Namespaces as isolation
Namespaces partition what a process can see: PIDs, mounts, UTS hostname, IPC, network, users, cgroups, and time. Containers are mostly composed from namespaces plus cgroups plus capabilities plus seccomp plus LSM policy.
Inspect:
lsns
readlink /proc/$$/ns/user
readlink /proc/1/ns/mnt
nsenter --target 1 --mount --uts --ipc --net --pid
Production guidance:
- namespaces isolate views, not all kernel attack surface
- user namespaces change capability meaning inside the namespace, but host-level effects still depend on mappings and kernel checks
- mount namespaces require careful propagation settings
- PID namespaces hide process IDs but do not provide resource limits
- network namespaces isolate network stacks, but host bridges, CNI, iptables, nftables, and eBPF still matter
Cgroups as control
cgroups control and account for resources. They are not primarily a secrecy boundary. They answer questions such as how much CPU, memory, IO, process count, or device access a group of processes may use.
Inspect:
systemd-cgls
systemd-cgtop
cat /proc/$$/cgroup
systemctl show example.service -p ControlGroup -p MemoryCurrent -p TasksCurrent
Production guidance:
- use cgroups to prevent noisy-neighbor failure
- combine cgroup limits with alerts, because enforced limits can become outages
- on Kubernetes nodes, avoid manual changes under pod cgroups unless debugging
- for systemd services, prefer unit-level resource directives over direct cgroup filesystem writes
chroot limitations
chroot changes the apparent root directory for a process. It is not a full security boundary. A privileged process can often escape, and chroot does not isolate PIDs, network, IPC, mounts outside the setup, hostname, resource usage, or kernel attack surface.
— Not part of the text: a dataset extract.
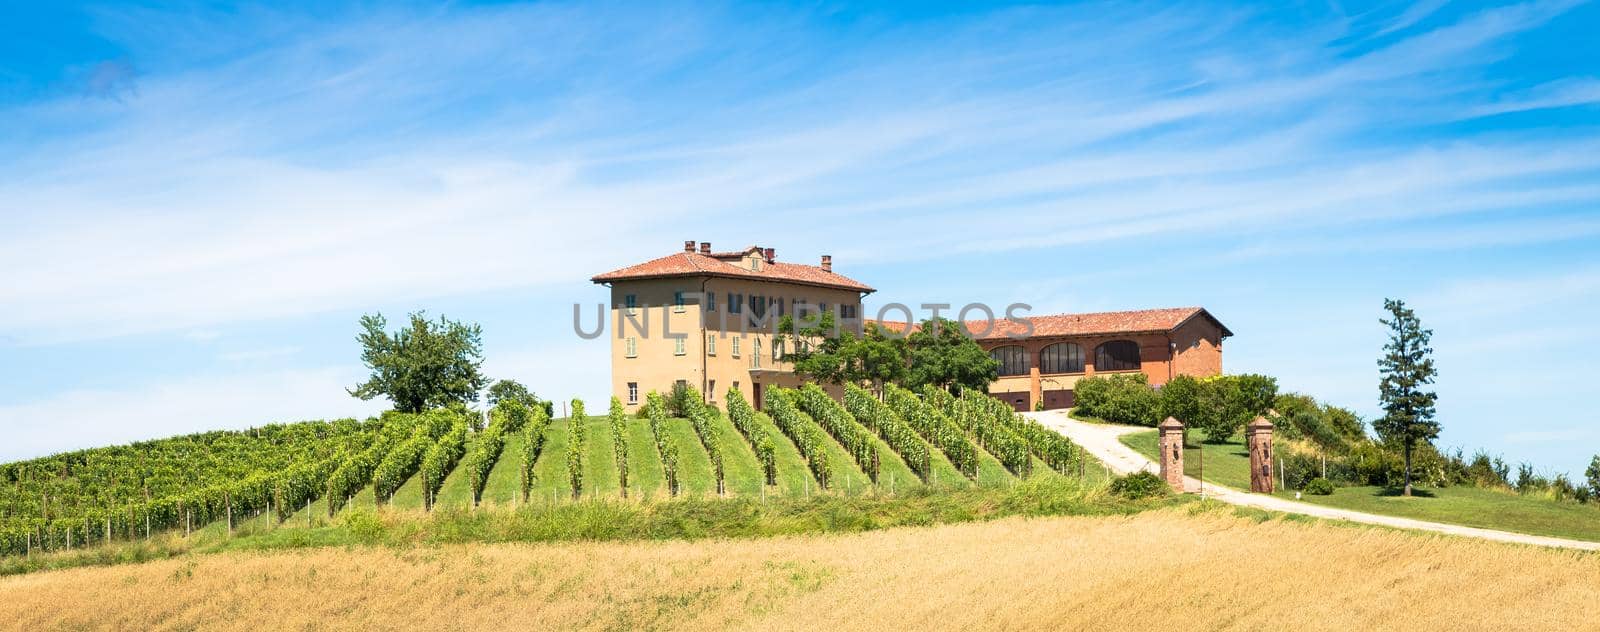 ASTI, ITALY - CIRCA AUGUST 2020: Piedmont hills in Italy, Monferrato area. Scenic countryside during summer season with vineyard field. Wonderful blue sky in background.

Use chroot for build roots, recovery, packaging, and legacy workflows. For isolation, use namespaces, cgroups, seccomp, capabilities, and LSM policy together. On production systems, any design that says "secured by chroot" needs review.
Secrets on Linux
Secrets leak through more paths than teams expect: command arguments, environment variables, shell history, world-readable config, core dumps, debug endpoints, process inspection, logs, backups, and container image layers.
Safer patterns:
- store root-owned secret files as
0600or service-group-readable as0640 - put secrets under directories that are not listable by unrelated users
- use tmpfs for short-lived material when appropriate
- disable or restrict core dumps for secret-handling services
- avoid passing secrets on command lines
- avoid long-lived secrets in environment variables for high-risk services
- use a real secret manager for rotation, audit, and revocation
- make backup encryption and restore access part of the secret model
Commands:
find /etc /var/lib -xdev -type f -perm -004 -name '*secret*' -ls 2>/dev/null
grep -R --exclude-dir=.git -n 'BEGIN .*PRIVATE KEY' /etc /opt 2>/dev/null
coredumpctl list
For systemd services, see 07 systemd Boot Init Units Timers Journald and Services for environment files and unit hardening.
SSH hardening
SSH is often the production host control plane. Harden it like an internet-facing API even on private networks.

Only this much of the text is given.